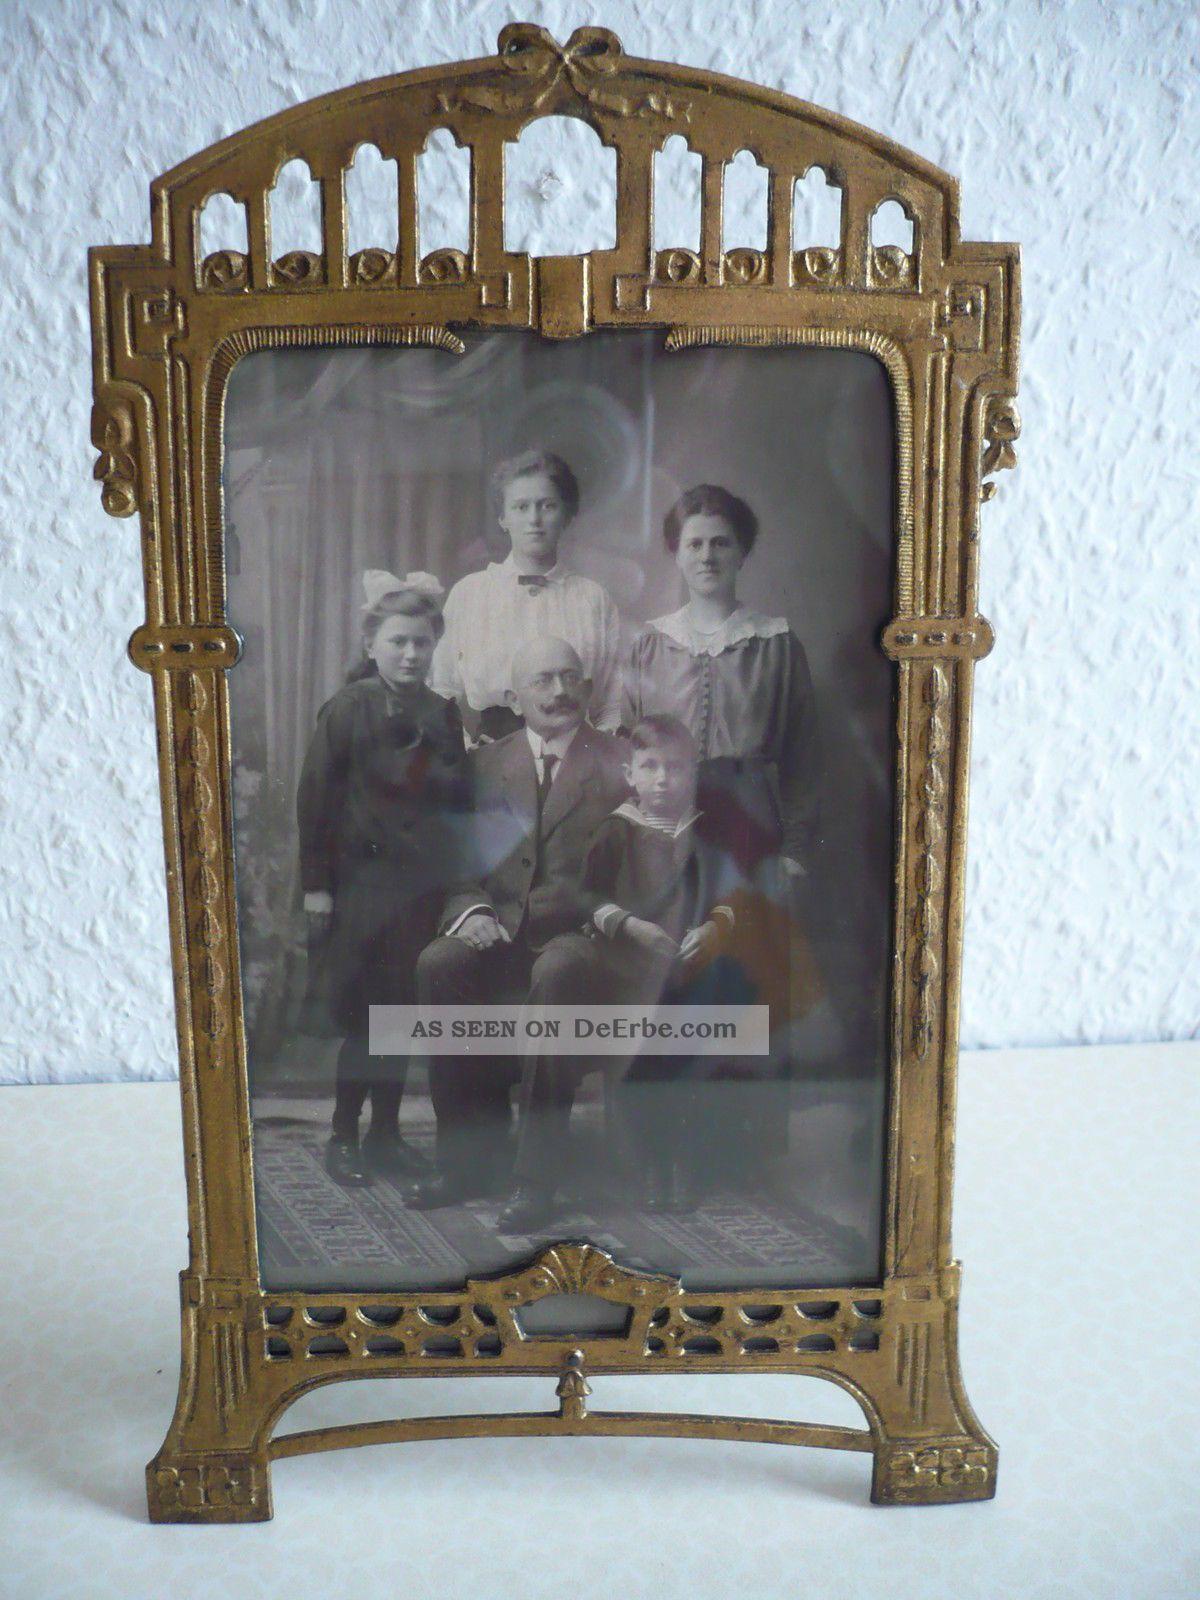 jugendstil bilderrahmen metall ca 1900 foto aus wien. Black Bedroom Furniture Sets. Home Design Ideas
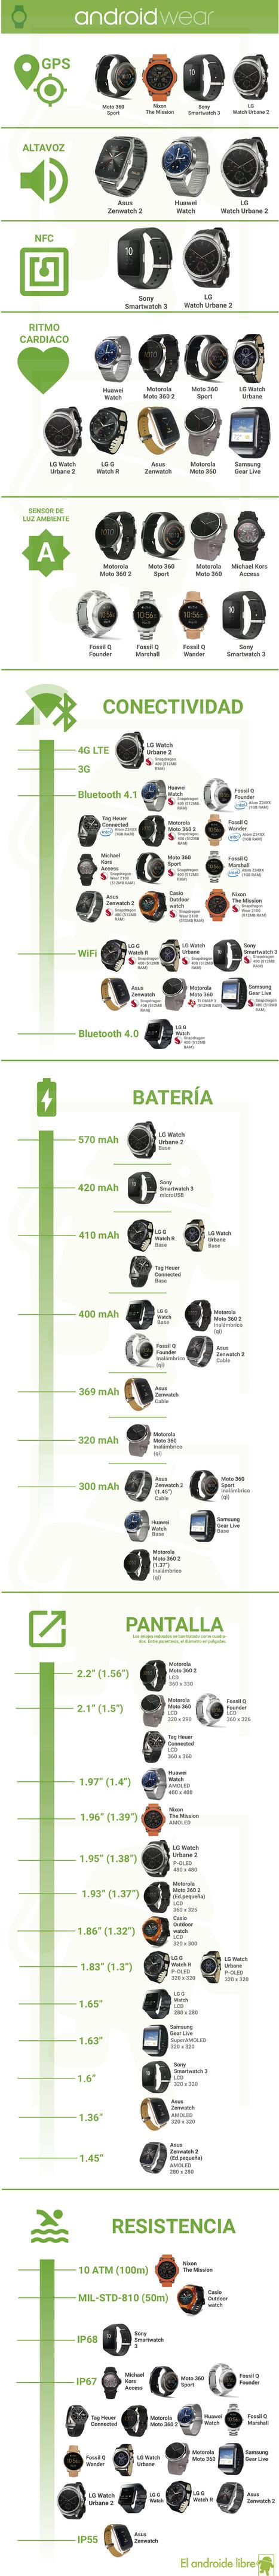 La comparativa de Android Wear en 2016, en una infografía | Mobile Technology | Scoop.it
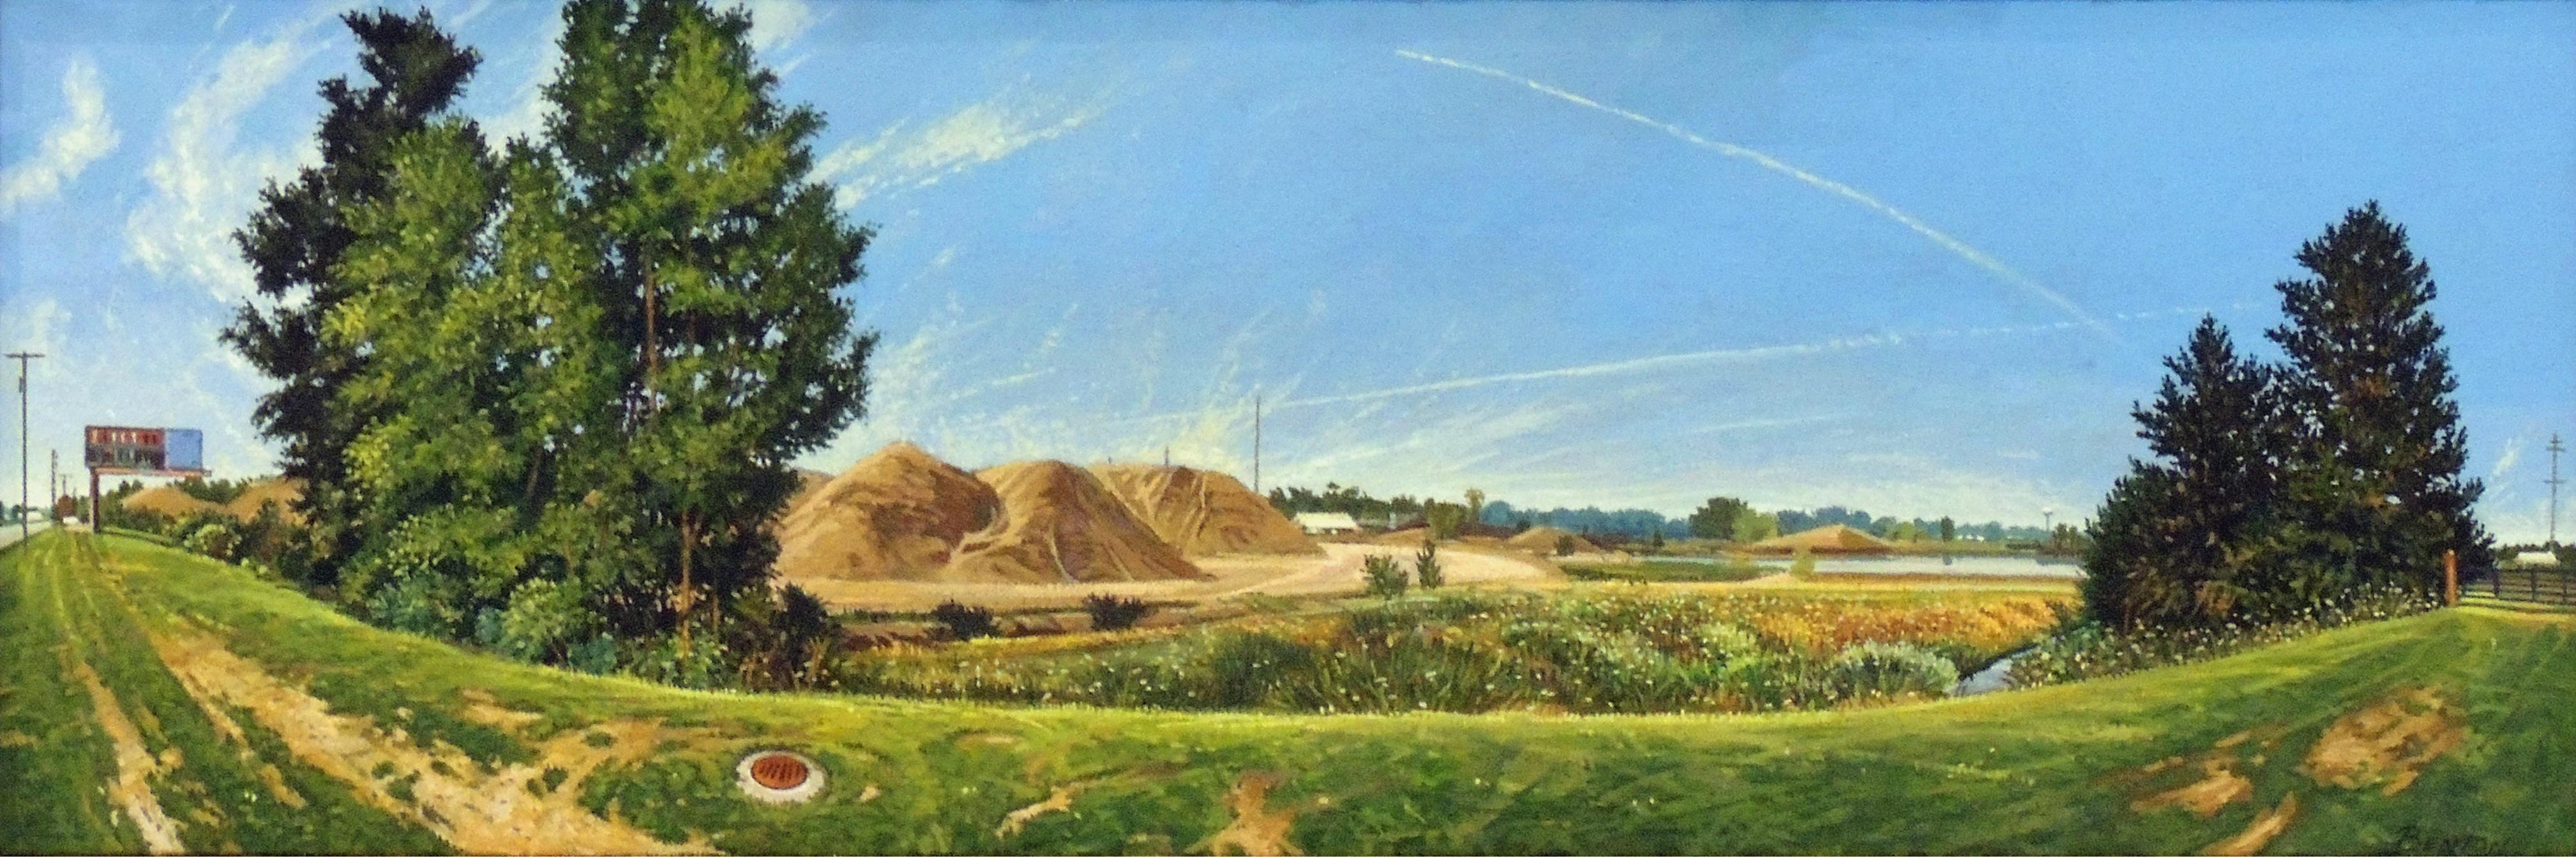 John Benton | EARLY SUNDAY MORNING | oil on canvas
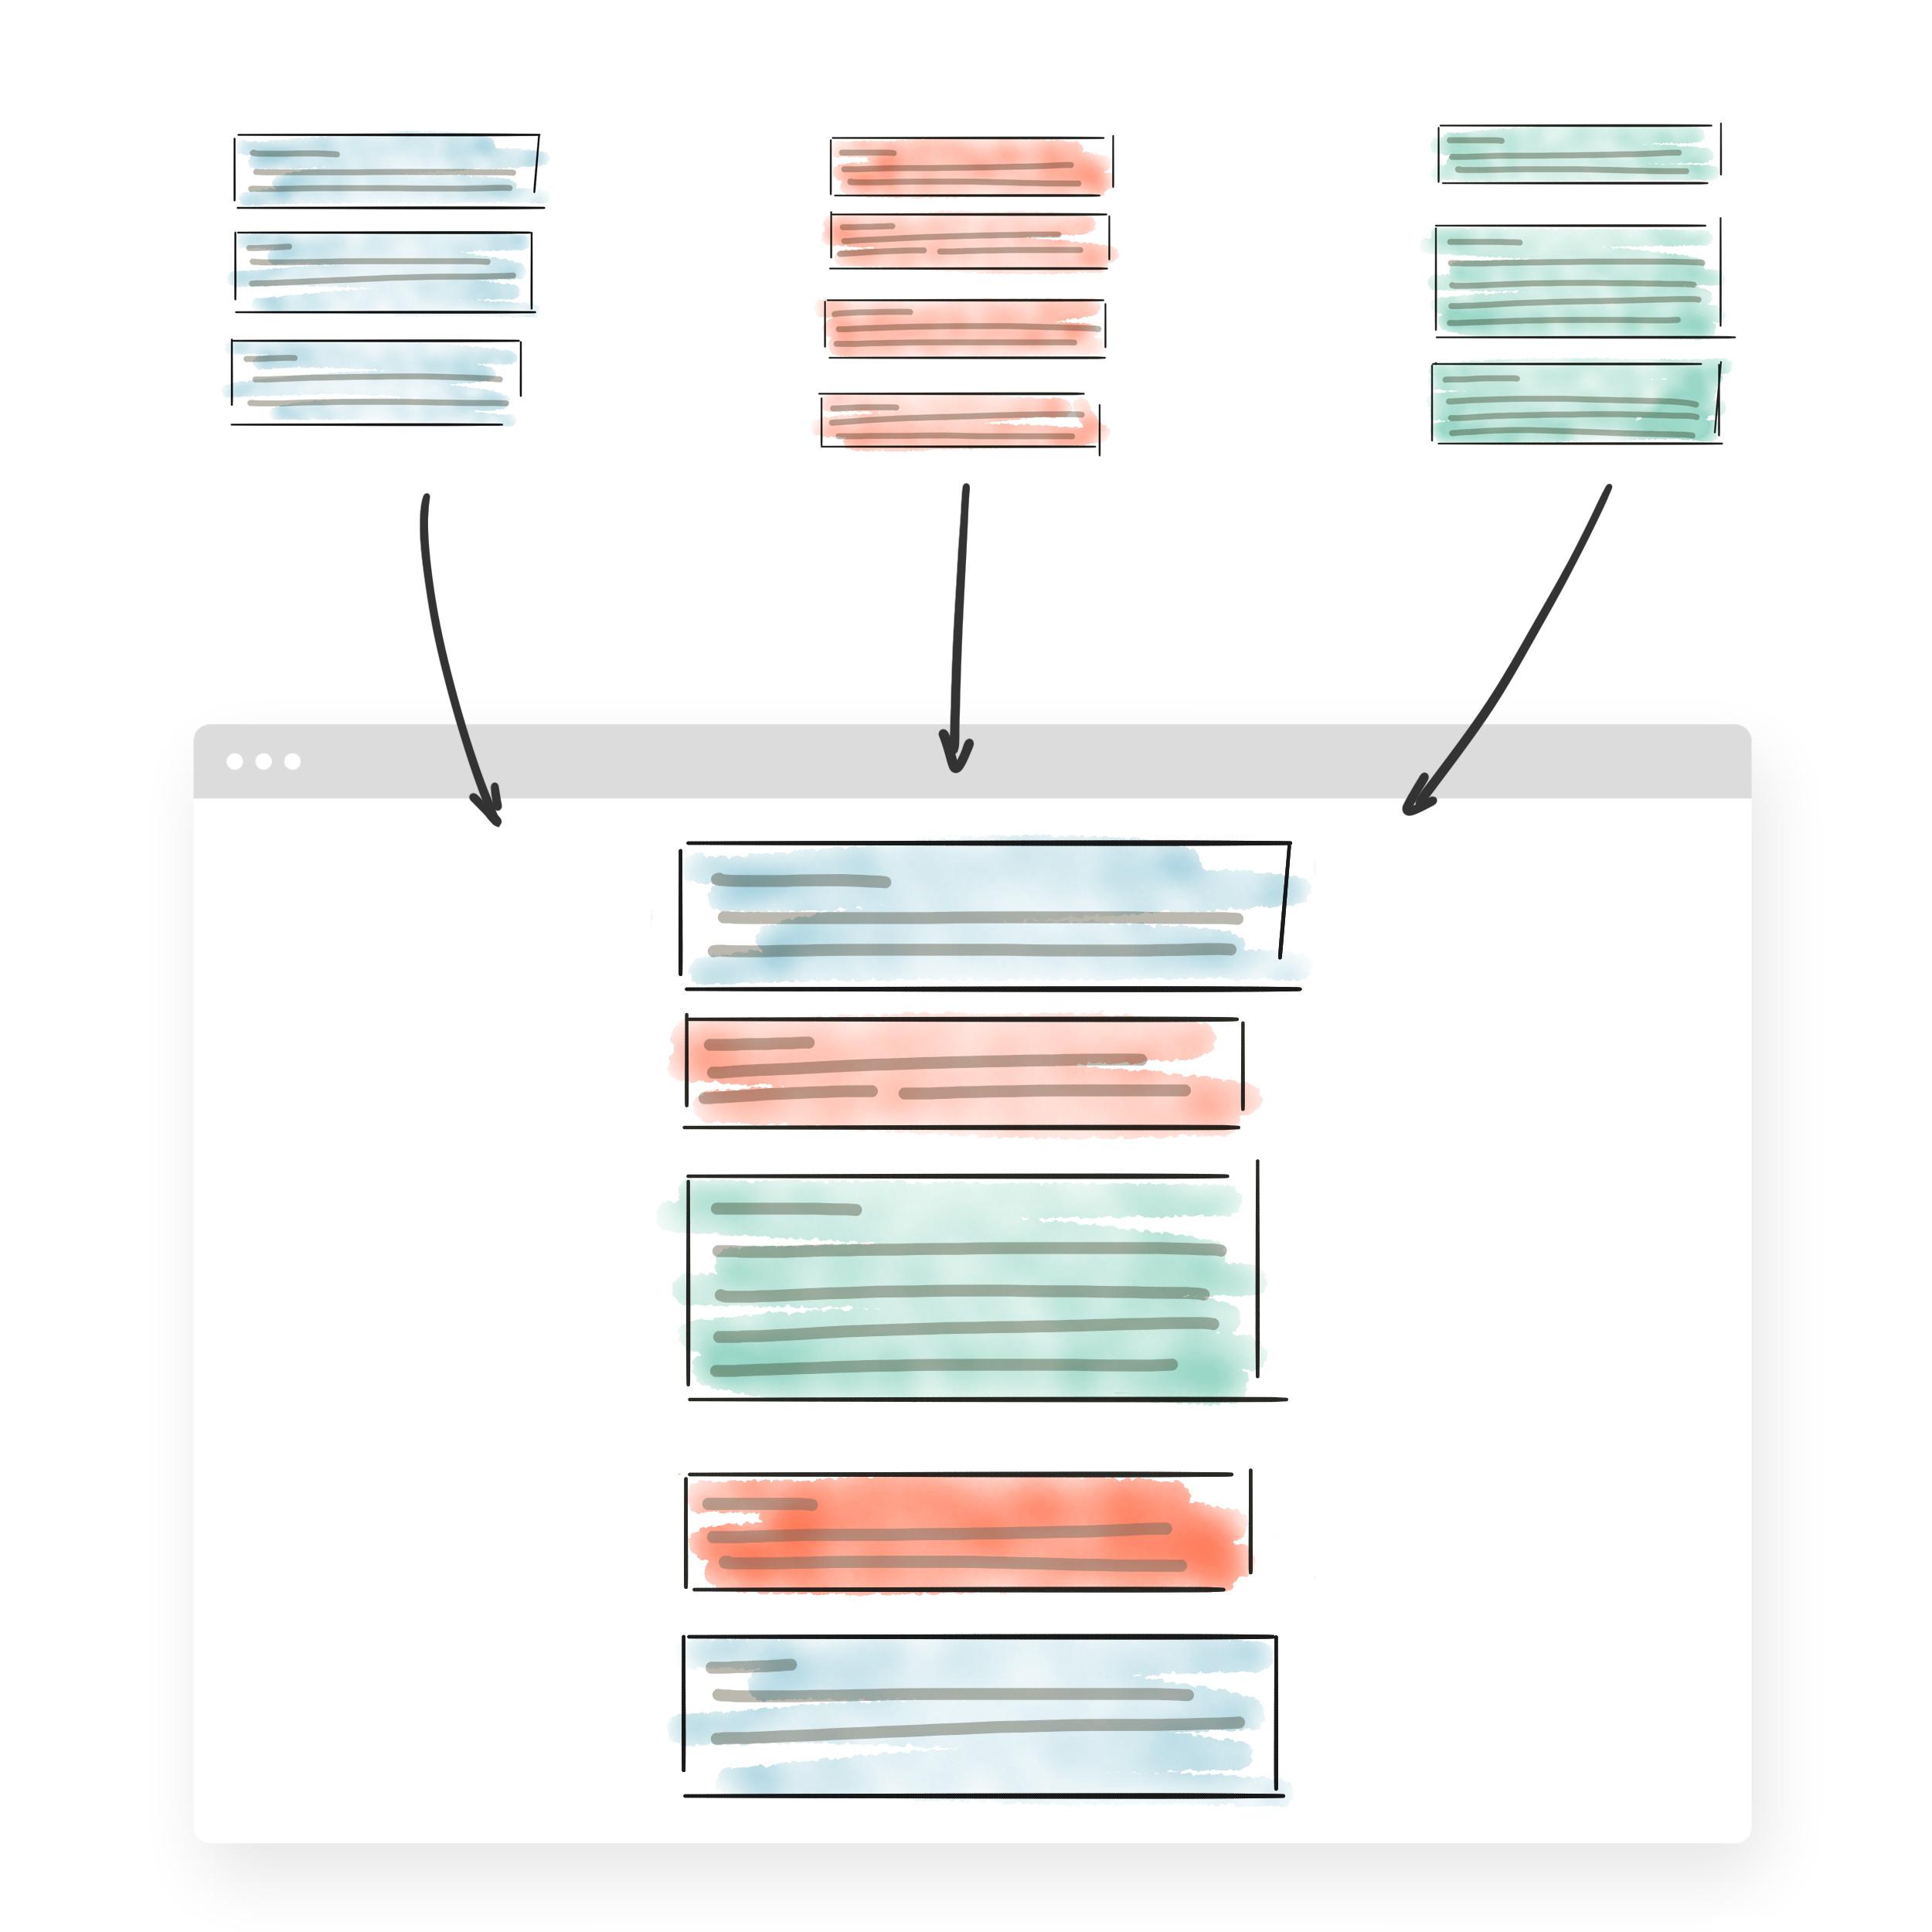 Toutes les nouvelles publications des sites A, B et C sont regroupées au même endroit, à l'aide d'un lecteur RSS.

> [Assignment]:
Your answer should be every line above, written out exactly, with no pictures.

> [Solved problem]:
 jugendstil bilderrahmen metall ca 1900 foto aus wien. Black Bedroom Furniture Sets. Home Design Ideas
 La comparativa de Android Wear en 2016, en una infografía | Mobile Technology | Scoop.it
 John Benton | EARLY SUNDAY MORNING | oil on canvas
 Toutes les nouvelles publications des sites A, B et C sont regroupées au même endroit, à l'aide d'un lecteur RSS.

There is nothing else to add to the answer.